Tissue Inhibitor of Metalloprotease 4 Human Recombinant

TIMP4 produced in Sf9 Baculovirus cells is a single, glycosylated polypeptide chain containing 204 amino acids (30-224 a.a.) and having a molecular mass of 23.5kDa (Molecular size on SDS-PAGE will appear at approximately 18-28kDa). 
TIMP4 is expressed with a 6 amino acid His tag at C-Terminus and purified by proprietary chromatographic techniques.
Shipped with Ice Packs
Cat. No.
BT10843
Source
Sf9, Baculovirus cells.
Appearance
Sterile Filtered colorless solution.
View Details

Introduction

Definition and Classification

Tissue Inhibitors of Metalloproteinases (TIMPs) are a family of proteins that inhibit the activity of matrix metalloproteinases (MMPs), which are enzymes involved in the degradation of the extracellular matrix (ECM). There are four known TIMPs: TIMP-1, TIMP-2, TIMP-3, and TIMP-4 . Each TIMP has a unique structure and function, but they all share the ability to inhibit MMP activity.

Biological Properties

Key Biological Properties: TIMPs are known for their ability to regulate ECM turnover by inhibiting MMPs. They also have roles in cell growth, apoptosis, differentiation, and angiogenesis .
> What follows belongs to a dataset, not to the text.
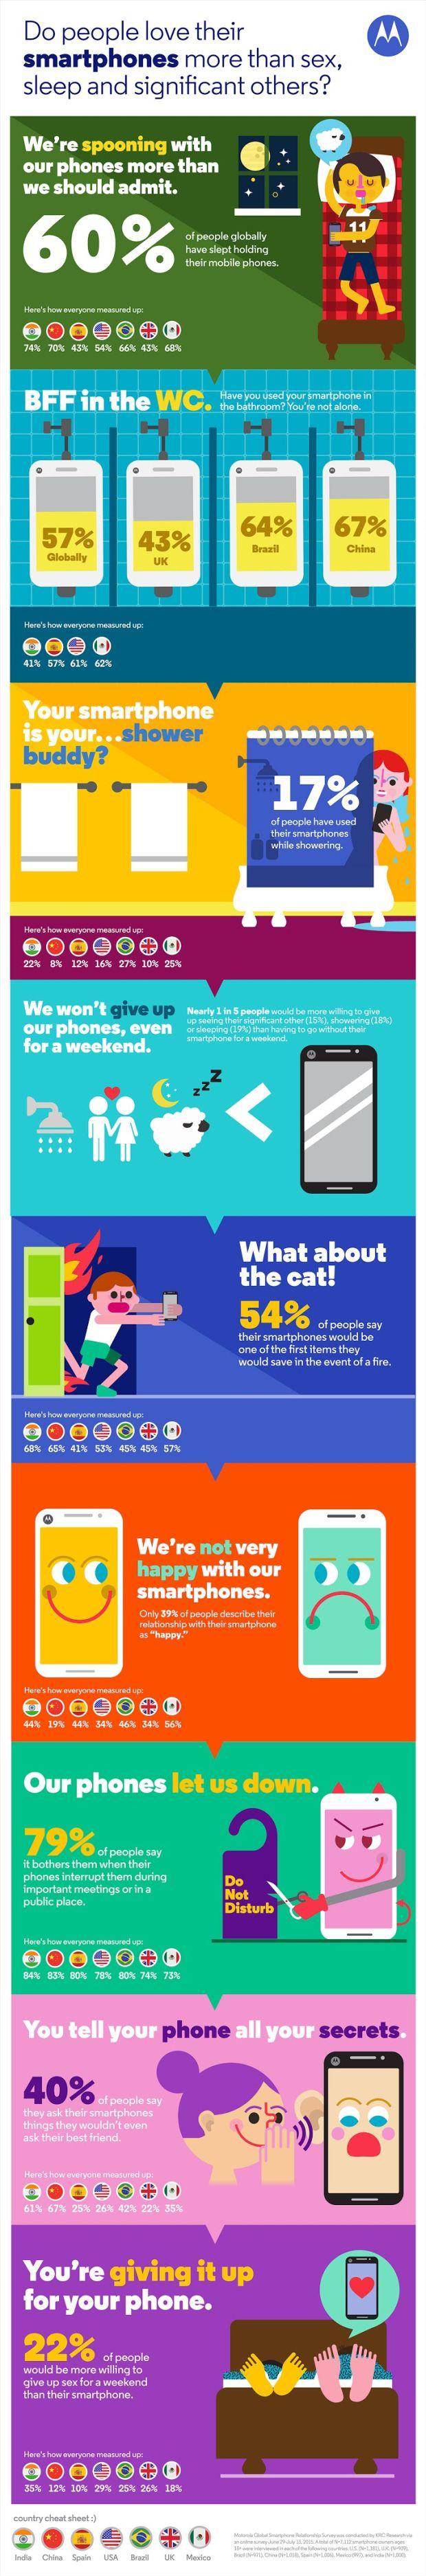 news-motorola-badanie-smartfony-relacje

Expression Patterns and Tissue Distribution: TIMPs are expressed in various tissues throughout the body. For example, TIMP-1 is found in high levels in the liver, spleen, and lung, while TIMP-2 is more ubiquitously expressed . TIMP-3 is primarily found in the ECM, and TIMP-4 is expressed in the heart and other tissues .

Biological Functions

Primary Biological Functions: TIMPs play a crucial role in maintaining tissue homeostasis by regulating ECM turnover. They also have cytokine-like activities, influencing processes such as cell proliferation, apoptosis, and differentiation .
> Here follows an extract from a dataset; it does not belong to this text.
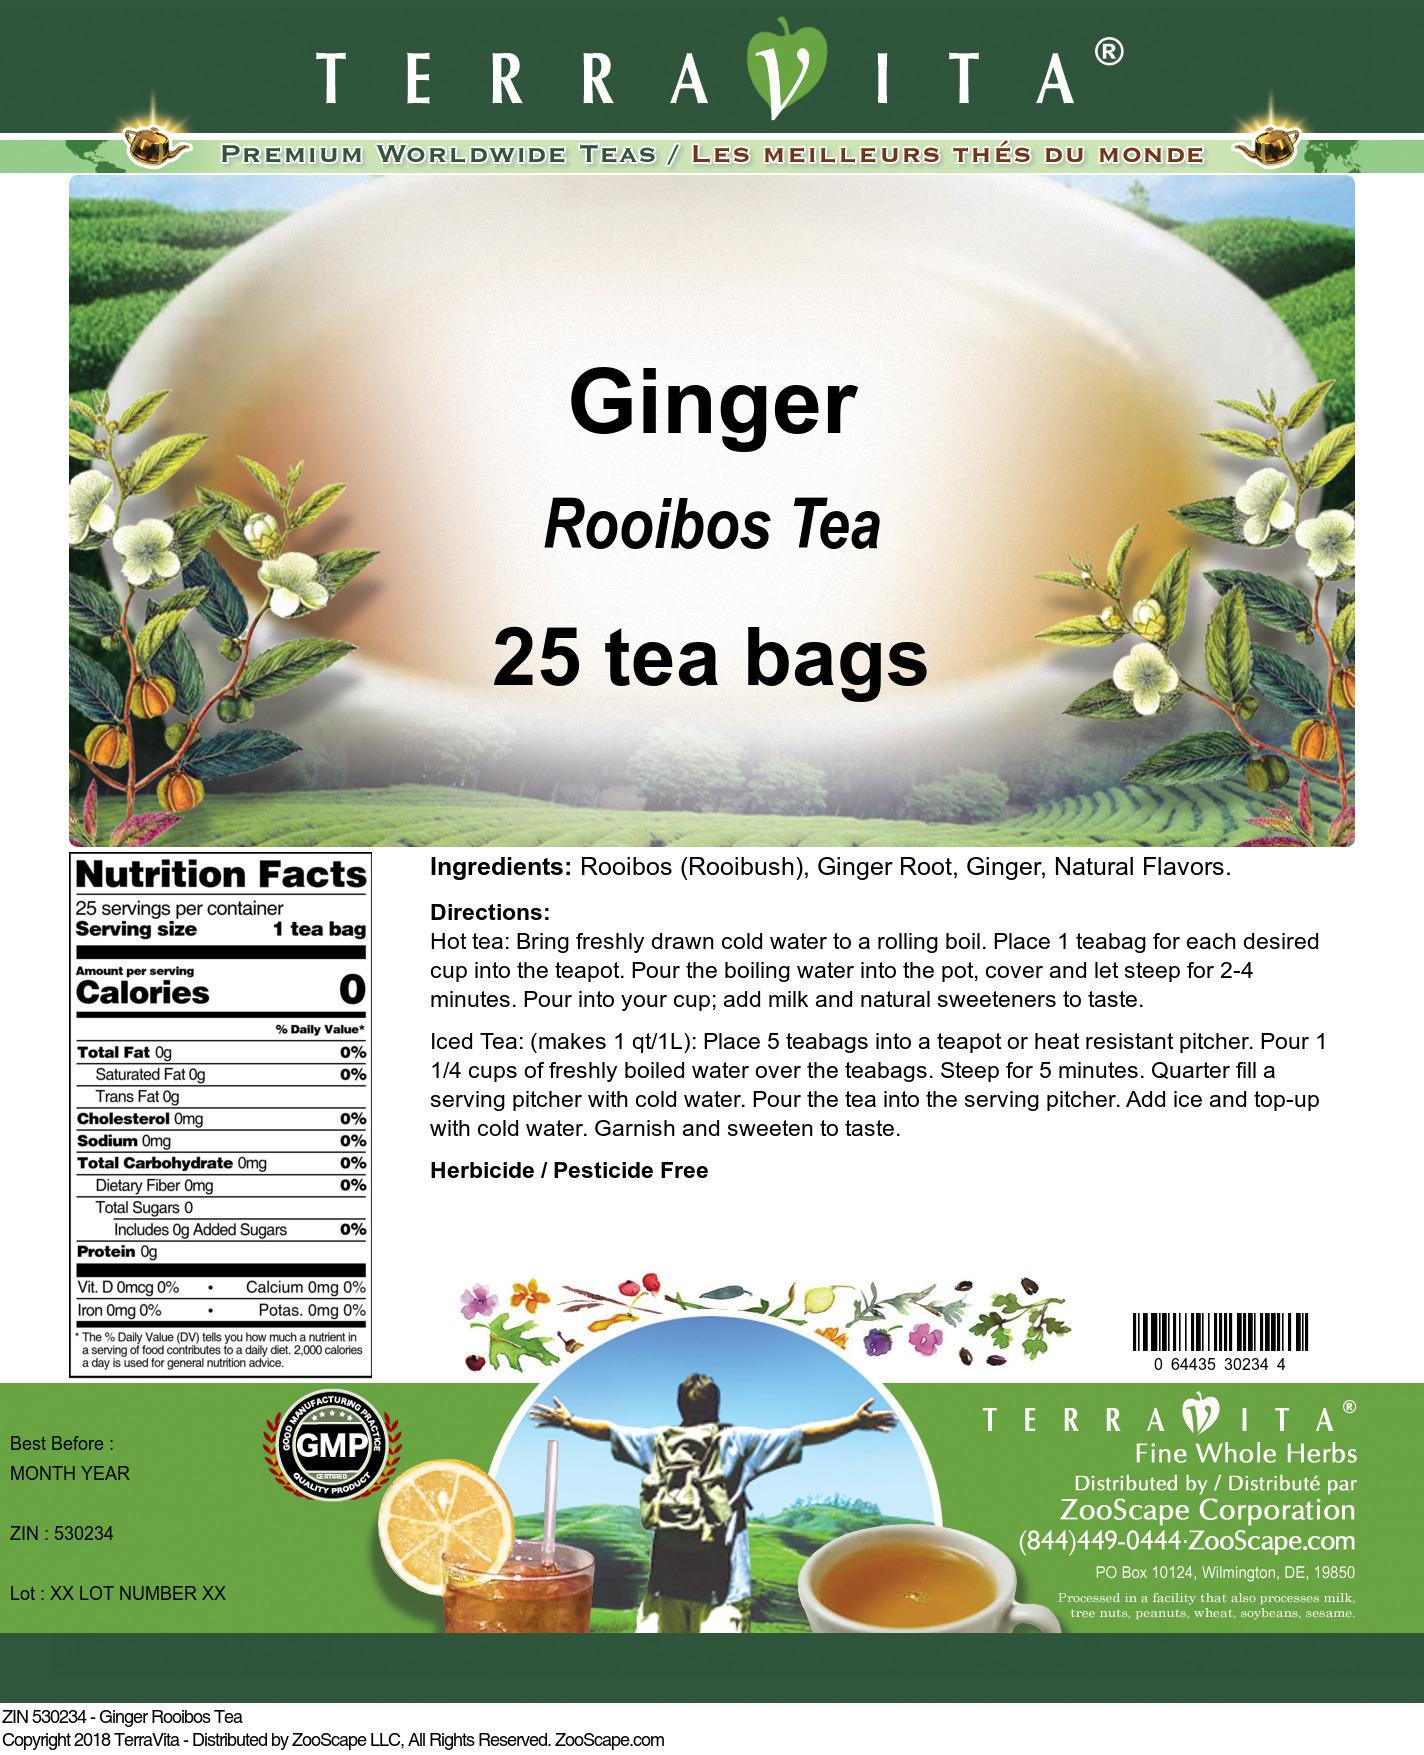 Ginger Rooibos Tea

Role in Immune Responses and Pathogen Recognition: TIMPs are involved in immune responses by modulating the activity of MMPs, which can influence the migration and activation of immune cells . They also play a role in pathogen recognition by regulating the ECM, which can act as a barrier to infection .

Modes of Action

Mechanisms with Other Molecules and Cells: TIMPs interact with MMPs to form non-covalent 1:1 stoichiometric complexes, inhibiting their proteolytic activity . They also interact with other proteins, such as integrins and growth factors, to modulate cellular responses .

Binding Partners and Downstream Signaling Cascades: TIMPs can bind to specific surface receptors, initiating signaling cascades that influence cell behavior. For example, TIMP-1 can bind to the CD63 receptor, activating downstream signaling pathways that promote cell survival and proliferation .

Regulatory Mechanisms

Regulatory Mechanisms Controlling Expression and Activity: TIMP expression is regulated at both the transcriptional and post-transcriptional levels. Various cytokines and growth factors, such as TGF-β and EGF, can upregulate TIMP expression . Post-translational modifications, such as glycosylation, can also influence TIMP activity .

Applications

Biomedical Research: TIMPs are used as biomarkers for various diseases, including cancer and cardiovascular diseases . They are also studied for their potential therapeutic applications, such as in the treatment of fibrosis and cancer .

Diagnostic Tools: TIMP levels can be measured in biological samples to diagnose and monitor disease progression .

Therapeutic Strategies: TIMPs are being explored as therapeutic agents for diseases characterized by excessive ECM degradation, such as arthritis and cancer .

Role in the Life Cycle

Role Throughout the Life Cycle: TIMPs play a role in various stages of life, from development to aging. During development, they regulate ECM remodeling, which is crucial for tissue formation and organogenesis . In adulthood, they maintain tissue homeostasis and repair . In aging and disease, dysregulation of TIMP activity can contribute to pathological conditions, such as fibrosis and cancer .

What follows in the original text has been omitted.